Carlson, who has lived on the Rill since 2015, soon left her job as executive director of an agricultural nonprofit and committed herself to studying wildfire resilience and fire ecology. “My mom raised me with a really strong environmental ethic,” she says. “After the fire, a lot of people left, and I wanted to be able to more directly take care of the land.” She resolved to earn her wildland firefighter qualification so she could participate in prescribed burns.
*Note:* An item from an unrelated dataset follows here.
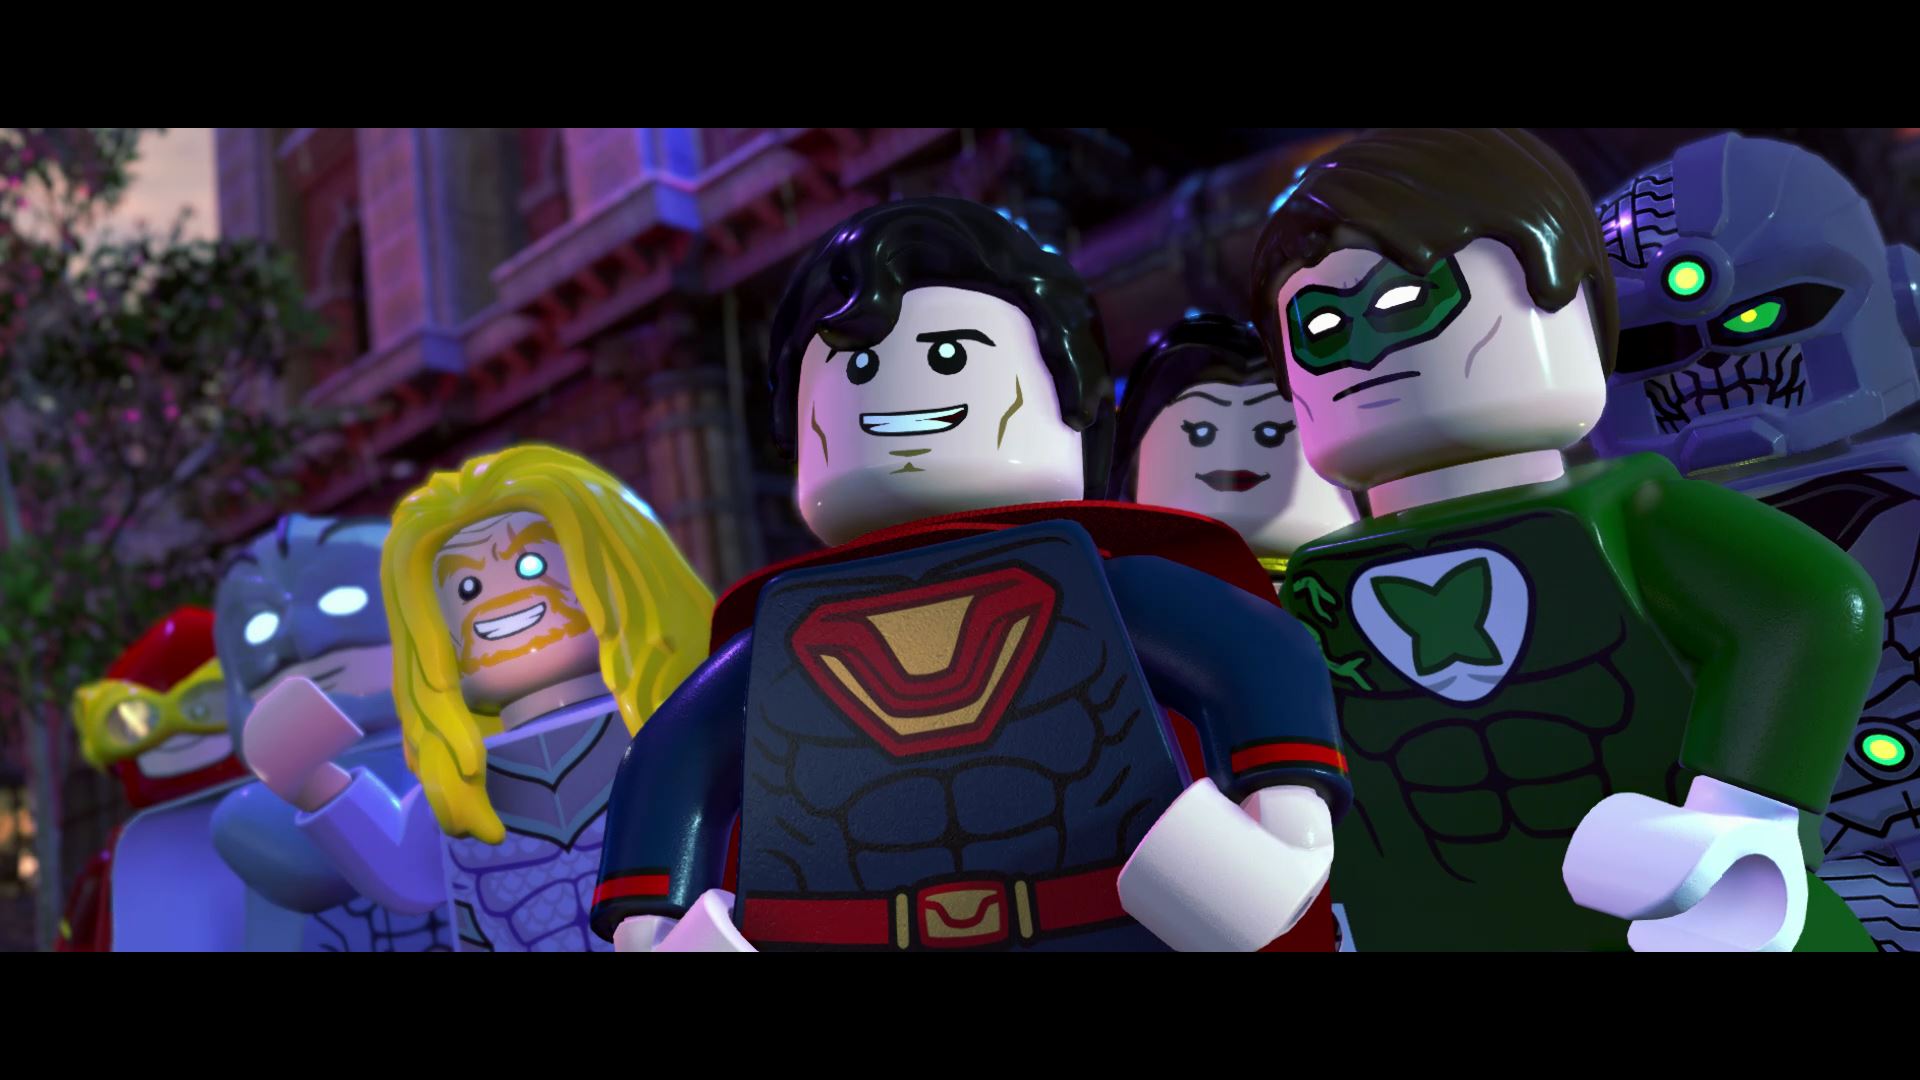 Lego DC Super Villains Cheat Codes - All Characters in LEGO DC Super  Villains

In addition to passing a knowledge test, she had to march three miles in 45 minutes while carrying 45 pounds of weight. “I’d never run a marathon or done any sort of training for a thing before,” Carlson says. “I’d managed to skip PE in pretty much all my schooling.”
‘It felt hopeful to learn skills to try to cope with wildfire.’
But her natural inclination, says her wife, E Harris, is to face problems head-on. Carlson next created a course on fire-resilient landscaping at Santa Rosa Junior College, where she also co-leads a wildfire resilience internship program to teach students the basics of controlled burns, such as how to handle a chainsaw to clear brush, and of restoration-focused planting. “It felt hopeful to learn skills to try to cope with wildfire,” says Becca Williams, one of Carlson’s interns. “Thea has really thrown herself into using fire not just to help her own land but also other people’s.”
Carlson is also coordinating opportunities for Indigenous Californians to perform burns on their ancestral lands through the Tribal EcoRestoration Alliance. And she’s nearly done with the requirements to become a state-certified prescribed burn boss. “This is needed to help keep our community safe,” she says, “but it’s also needed to help these ecosystems adapt in the face of climate change.”